** Problem requirements **
Output the listing below exactly, minus its images.

======== Dataset section ========

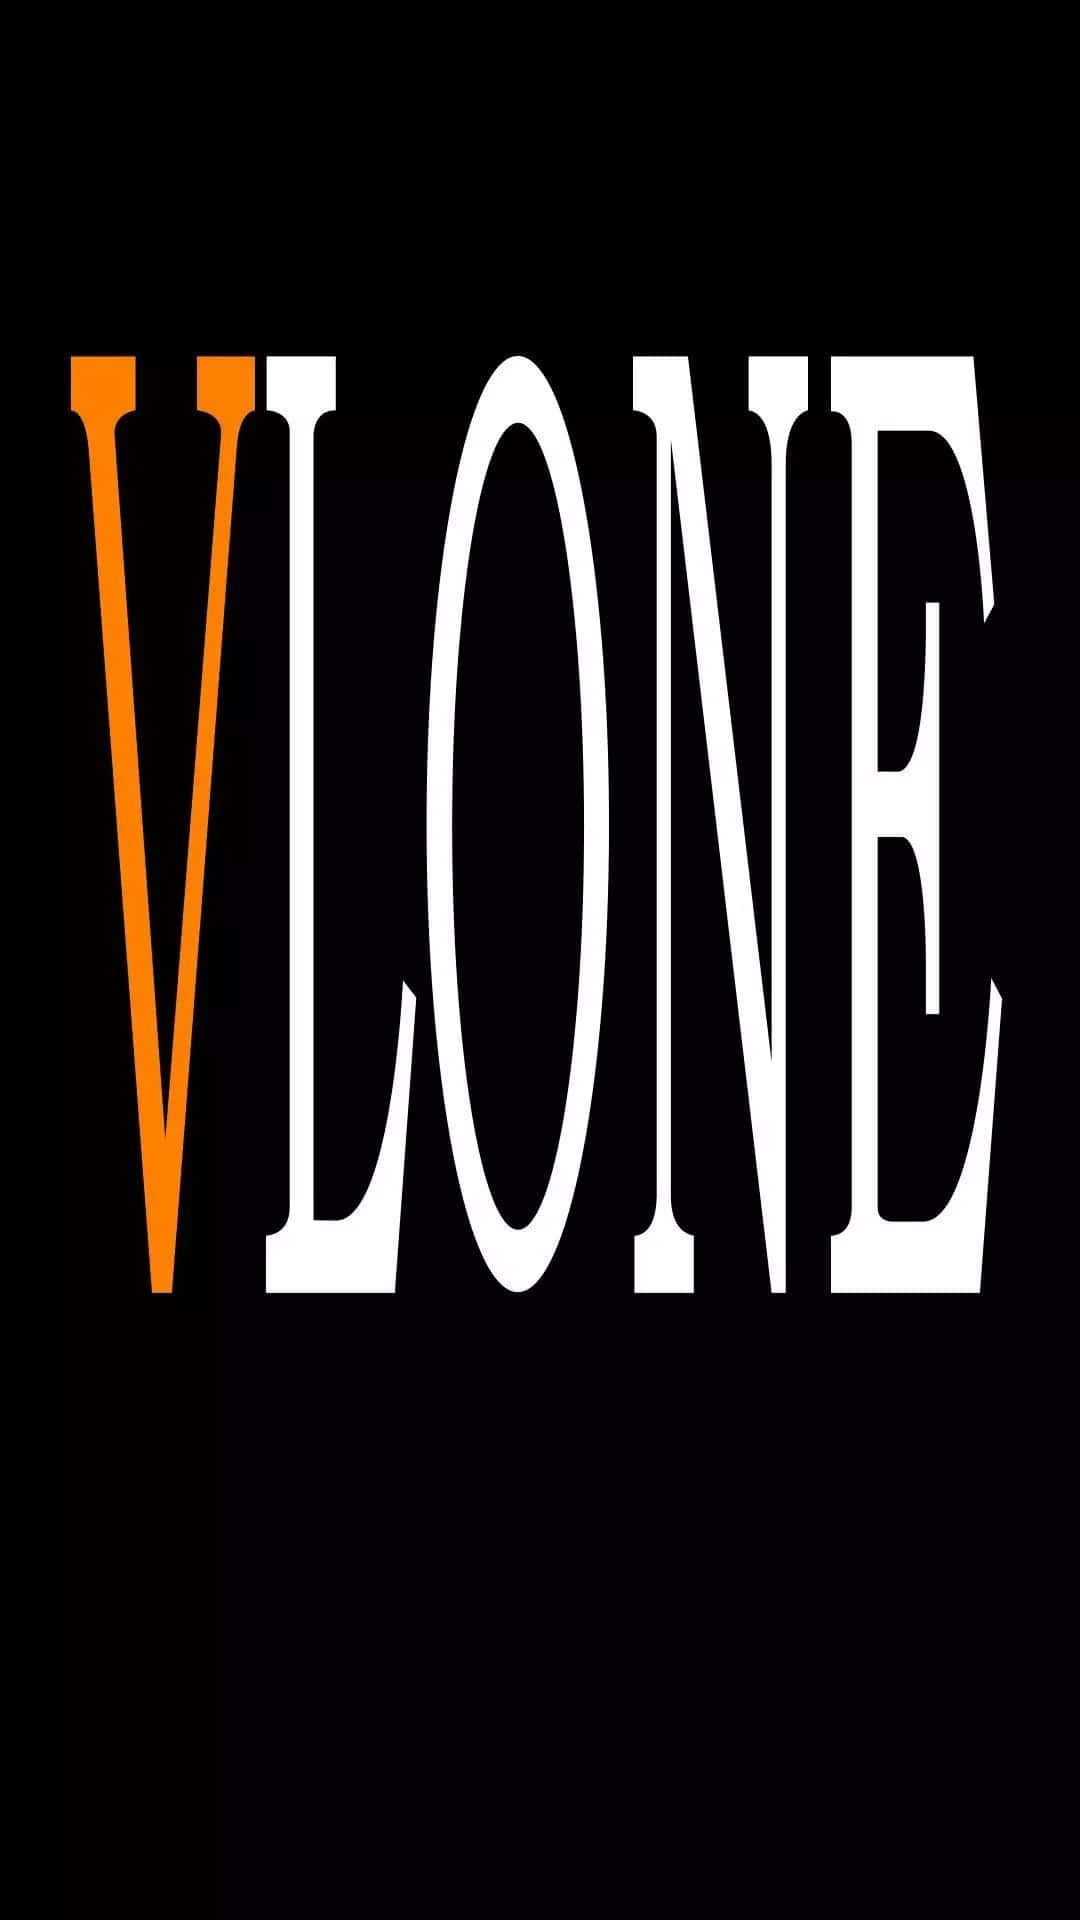 The All-New Vlone iPhone - Get The Latest Look&Style Wallpaper
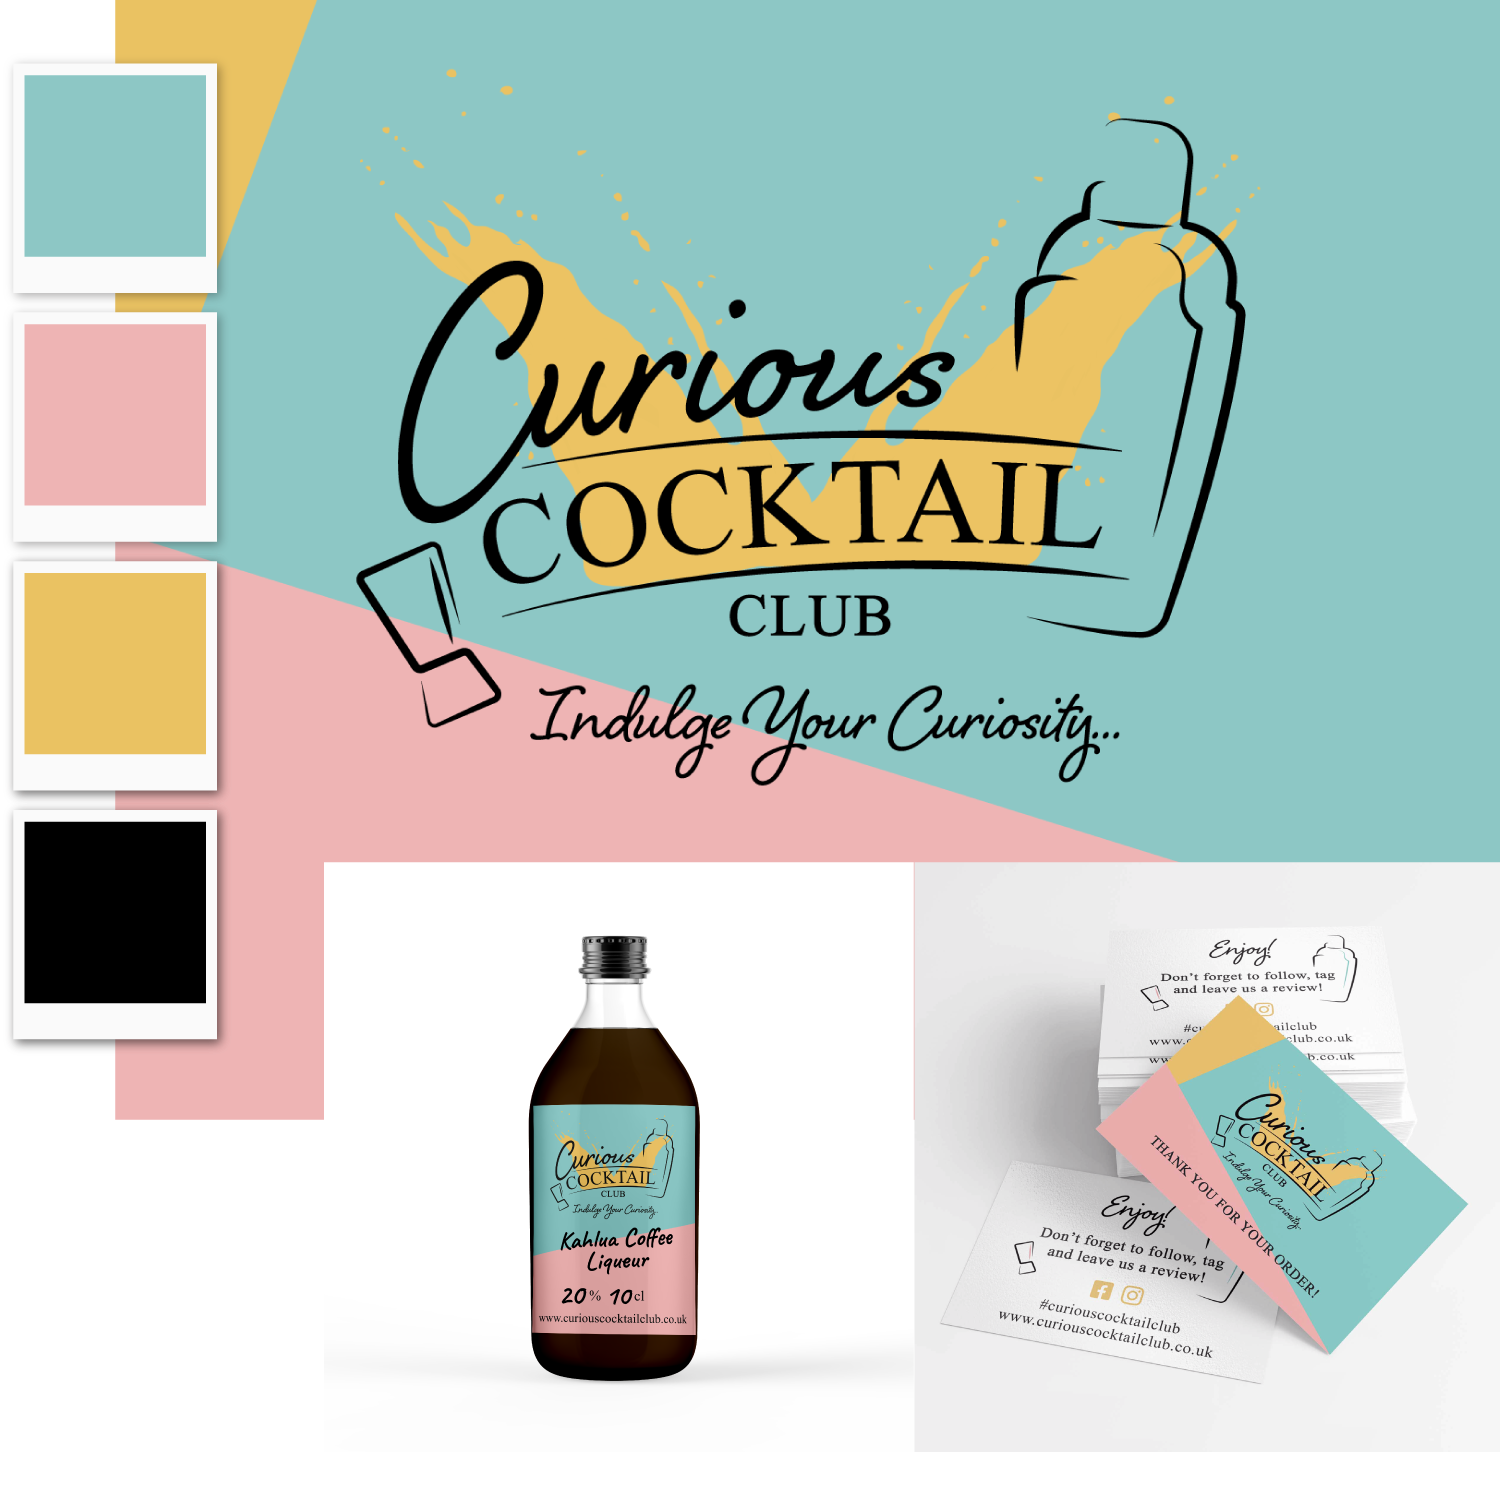 Curious Cocktail Club Grantham colourful logo and branding design
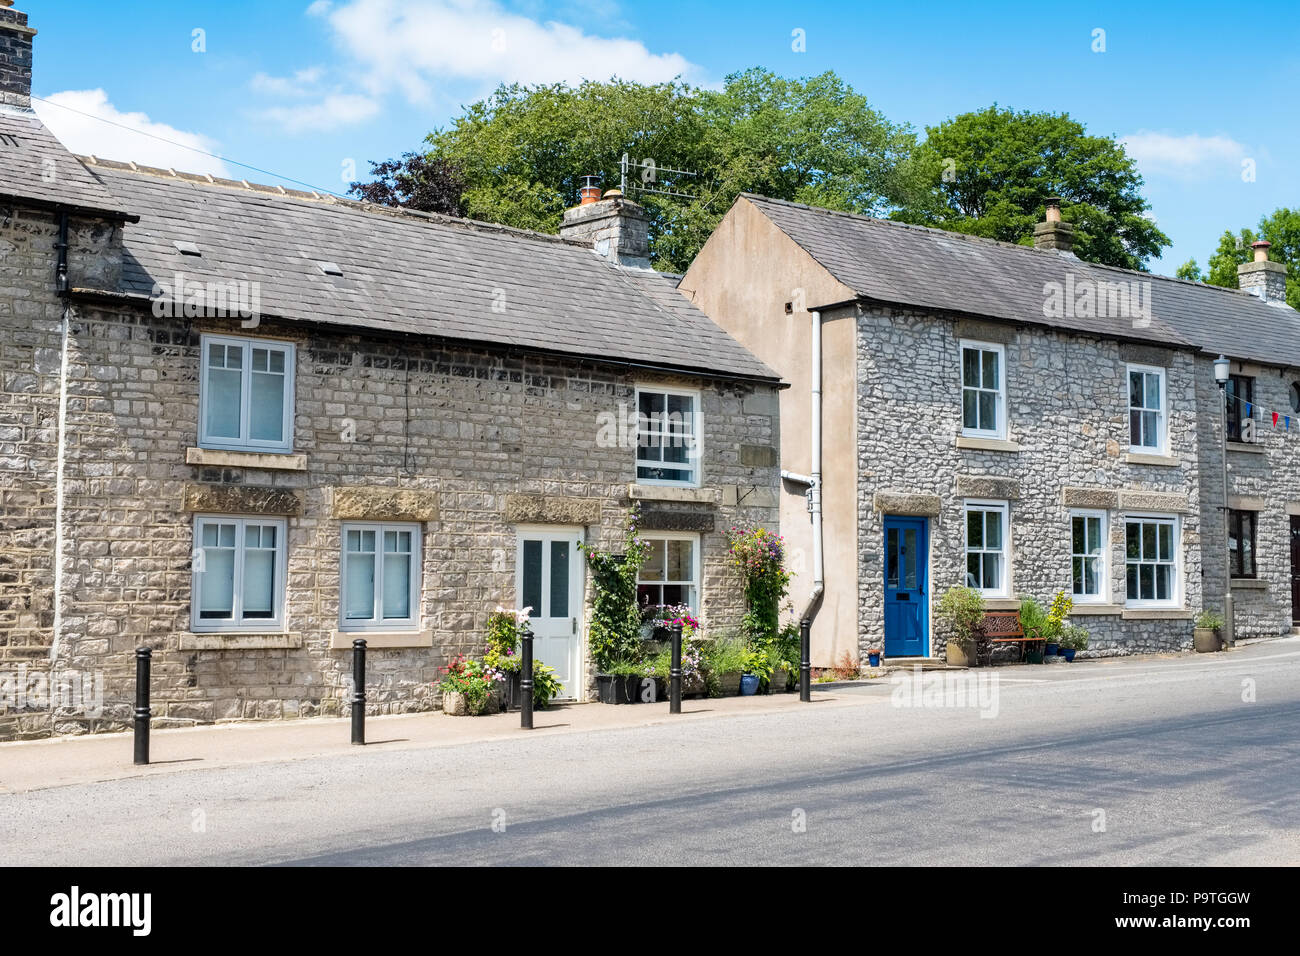 The Peak District village of Tideswell in Derbyshire, UK Stock Photo

========

** Response to this task **
 The All-New Vlone iPhone - Get The Latest Look&Style Wallpaper
 Curious Cocktail Club Grantham colourful logo and branding design
 The Peak District village of Tideswell in Derbyshire, UK Stock Photo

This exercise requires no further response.